For this project, we decided to analyze Ambrose Bierce’s The Devil’s Dictionary, a satirical lexicon with over 1,000 definitions. We obtained this text from Project Gutenberg (https://www.gutenberg.org), downloading and saving the text to our computer as a text file (TDD.txt).
If you don’t have the packages installed yet, first install “readr”, “wordcloud”, “tm”, and “SnowballC”
Then library these packages.
library(readr)
library(wordcloud)
library(tm)
library(SnowballC)
Read the text file into R Studio by first Setting a Working Directory, and then by reading the lines into R.
setwd("~/R")
text <- readLines("TDD.txt")
Converting the data to a VCorpus allows us to use the tm package to clean the text.
tddcorp <- VCorpus(VectorSource(text))
You can use the inspect() fucntion to view the text to make sure it uploaded properly. We used inspect(tddcorp).
Replace special characters with a space (" ") using tm_map() function.
toSpace <- content_transformer(function (x , pattern ) gsub(pattern, " ", x))
tddcorp <- tm_map(tddcorp, toSpace, "/")
tddcorp <- tm_map(tddcorp, toSpace, "@")
tddcorp <- tm_map(tddcorp, toSpace, "\\|")
Use the tm_map() function to:
tddcorp <- tm_map(tddcorp, content_transformer(tolower))
tddcorp <- tm_map(tddcorp, removeNumbers)
tddcorp <- tm_map(tddcorp, removeWords, stopwords("english"))
tddcorp <- tm_map(tddcorp, removeWords, c("thy", "electronic", "literary", "first", "now", "laws", "saw", "gutenbergtm", "give", "away", "still", "say", "forth", "every", "used", "till", "two", "another", "known", "ear", "we", "whole", "persons", "several", "might", "erms", "hair", "twas", "says", "however", "something", "things", "shall", "sometimes", "way", "many", "adj", "and", "that", "his", "with", "for", "was", "not", "one", "have", "but", "from", "who", "are", "which", "this", "you", "all", "they", "their", "has", "had", "when", "been", "were", "your", "long", "him", "than", "upon", "most", "person", "some", "our", "other", "great", "work", "there", "word", "adj.", "may", "use", "more", "without", "read", "hear", "ones", "make", "said", "what", "into", "mani", "would", "part", "out", "gutenbergtm", "whose", "them", "onli", "made", "where", "can", "like", "about", "her", "know", "it,", "set", "anoth", "these", "should", "everi", "then", "natur", "it.", "could", "those", "the", "onc", "must", "did", "come", "take", "through", "provid", "someth", "came", "see", "though", "well", "words", "little", "means", "how", "set", "ever", "less", "line", "and,", "much", "even", "look", "nor", "get", "veri", "said,", "let", "thi", "term", "sens", "however,", "littl", "same", "serv", "tis", "yet", "too", "to"))
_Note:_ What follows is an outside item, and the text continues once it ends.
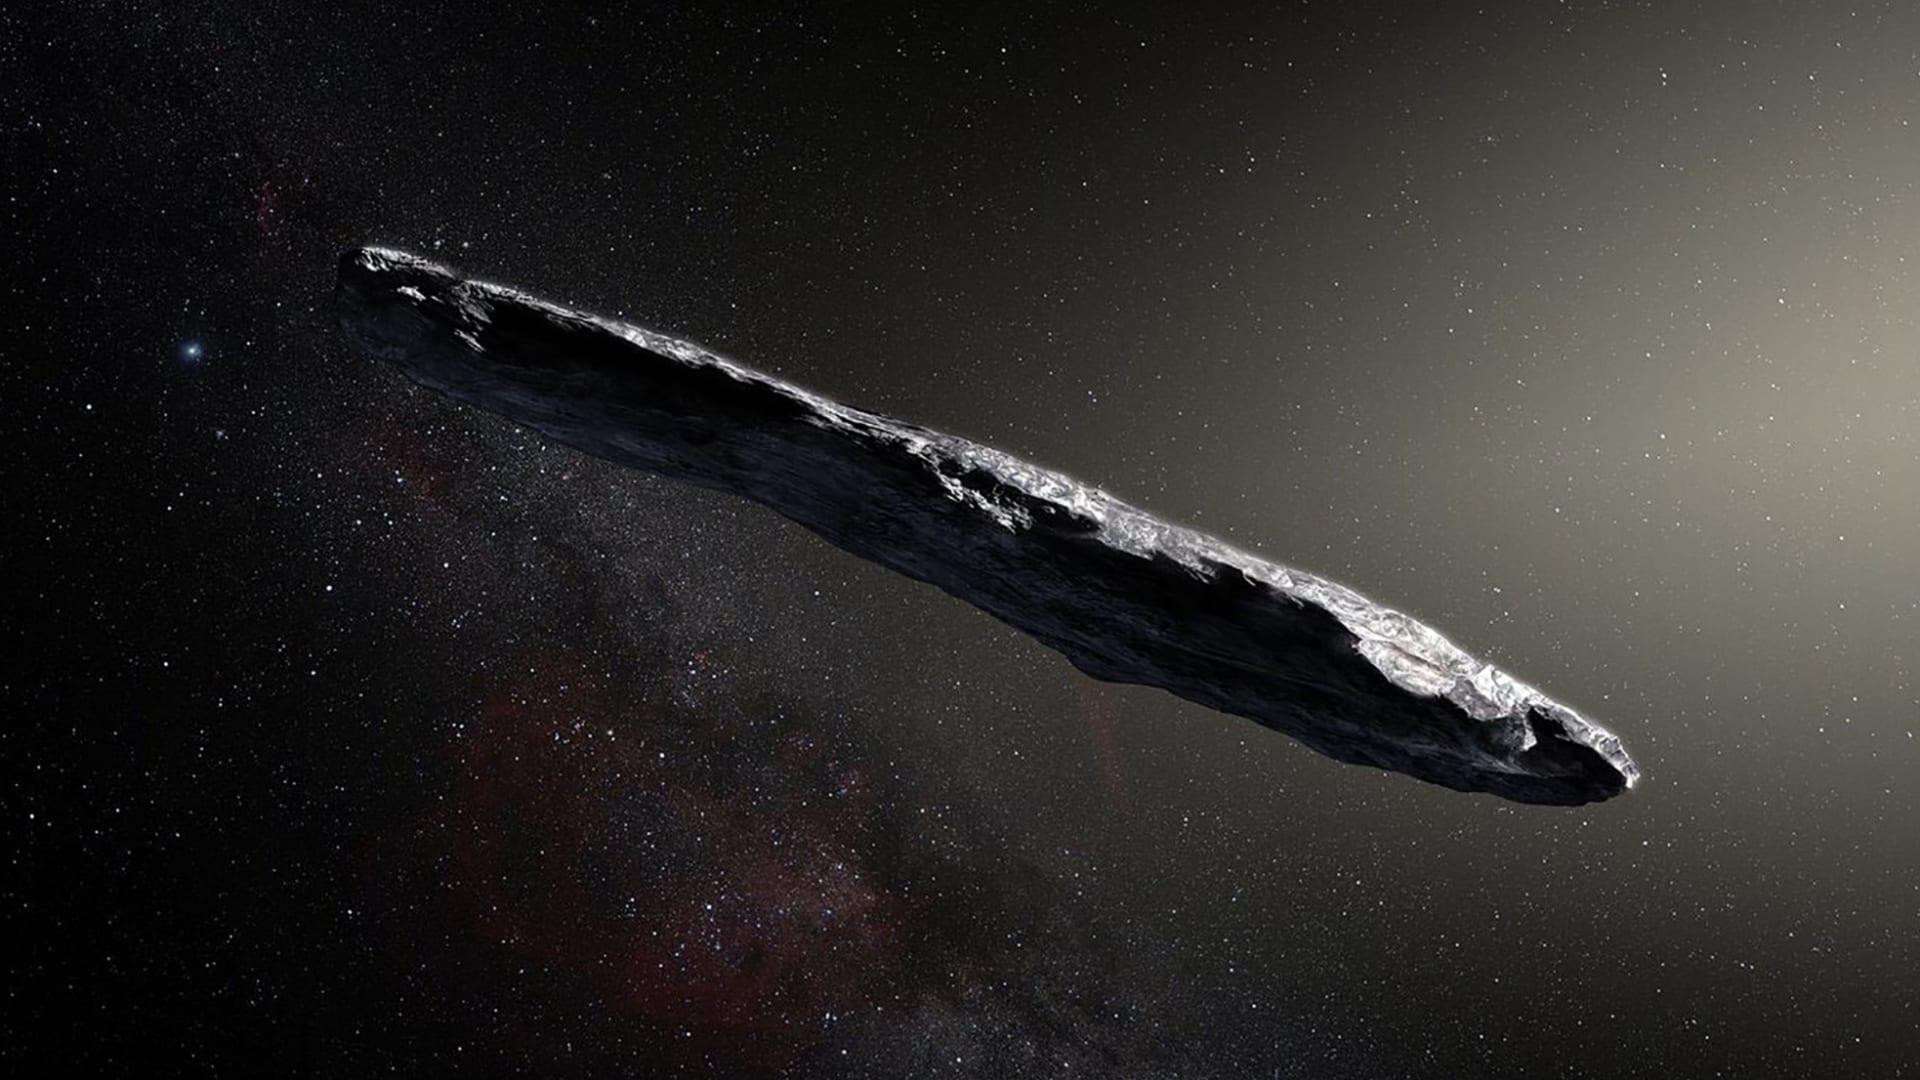 هل هذه أول علامة على وجود حياة فضائية؟ عالم فيزيائي فلكي في هارفارد يعتقد ذلك

tddcorp <- tm_map(tddcorp, removePunctuation)
tddcorp <- tm_map(tddcorp, stripWhitespace)
A TDM will provide a table listing words from the text and their frequencies.
dtm <- TermDocumentMatrix(tddcorp)
m <- as.matrix(dtm)
v <- sort(rowSums(m),decreasing=TRUE)
d <- data.frame(word = names(v),freq=v)
Use head() function to view the top 10 most frequent words.
head(d, 10)
## word freq
## man man 137
## project project 87
## will will 87
## good good 77
## day day 58
## dead dead 57
## gutenbergtm gutenbergtm 56
## god god 52
## old old 51
## time time 51
Create a word cloud based on the importance/frequency of words.
set.seed(1234)
wordcloud(words = d$word, freq = d$freq, min.freq = 1,
max.words=40, random.order=FALSE, rot.per=0.35,
colors=brewer.pal(8, "Dark2"))
To view the information differently, create a bar plot. This plot shows the 30 most frequent words.
barplot(d[1:30,]$freq, las = 2, names.arg = d[1:30,]$word,
col ="darkred", main ="Most Frequent Words",
ylab = "Word frequencies", xlab = "Words")